Artificial general intelligence hasn’t really been defined. Those who argue that it’s imminent are either vague about what they expect the first AGI systems to be capable of or simply define it as the ability to dramatically exceed human performance at a limited number of tasks. Predictions of AGI’s arrival in the intermediate term tend to focus on AI systems demonstrating specific behaviors that seem human-like. The further one goes out on the timeline, the greater the emphasis on the “G” of AGI and its implication of systems that are far less specialized.

But most of these predictions are coming from people working in companies with a commercial interest in AI. It was notable that none of the researchers we talked to for this article were willing to offer a definition of AGI. They were, however, willing to point out how current systems fall short.

“I think that AGI would be something that is going to be more robust, more stable—not necessarily smarter in general but more coherent in its abilities,” said Ariel Goldstein, a researcher at Hebrew University of Jerusalem. “You’d expect a system that can do X and Y to also be able to do Z and T. Somehow, these systems seem to be more fragmented in a way. To be surprisingly good at one thing and then surprisingly bad at another thing that seems related.”

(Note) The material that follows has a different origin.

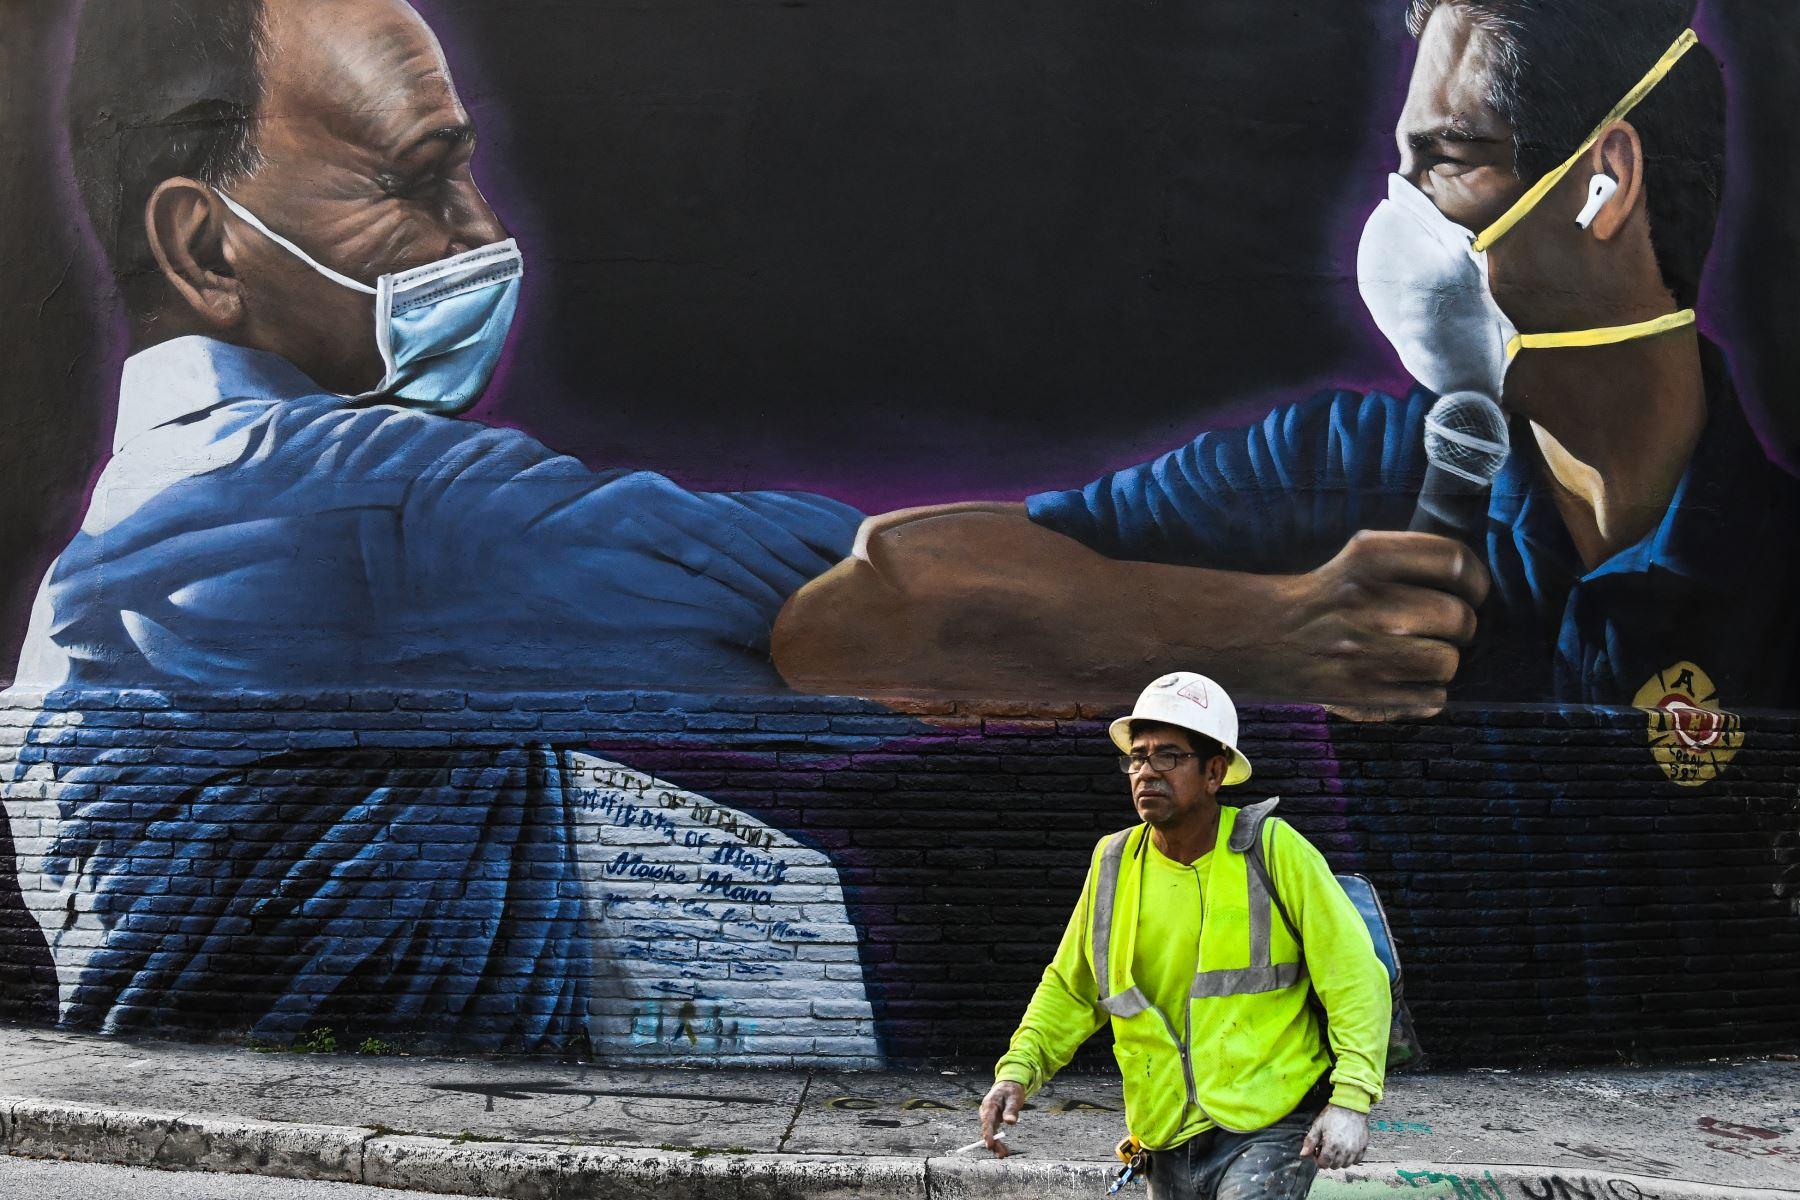 Un trabajador de construcción pasa junto a un mural sobre el coronavirus en el distrito artístico de Wynwood en Miami, Florida. Foto: AFP

“I think that’s a big distinction, this idea of generalizability,” echoed neuroscientist Christa Baker of NC State University. “You can learn how to analyze logic in one sphere, but if you come to a new circumstance, it’s not like now you’re an idiot.”

Mariano Schain, a Google engineer who has collaborated with Goldstein, focused on the abilities that underlie this generalizability. He mentioned both long-term and task-specific memory and the ability to deploy skills developed in one task in different contexts. These are limited-to-nonexistent in existing AI systems.

Beyond those specific limits, Baker noted that “there’s long been this very human-centric idea of intelligence that only humans are intelligent.” That’s fallen away within the scientific community as we’ve studied more about animal behavior. But there’s still a bias to privilege human-like behaviors, such as the human-sounding responses generated by large language models

The fruit flies that Baker studies can integrate multiple types of sensory information, control four sets of limbs, navigate complex environments, satisfy their own energy needs, produce new generations of brains, and more. And they do that all with brains that contain under 150,000 neurons, far fewer than current large language models.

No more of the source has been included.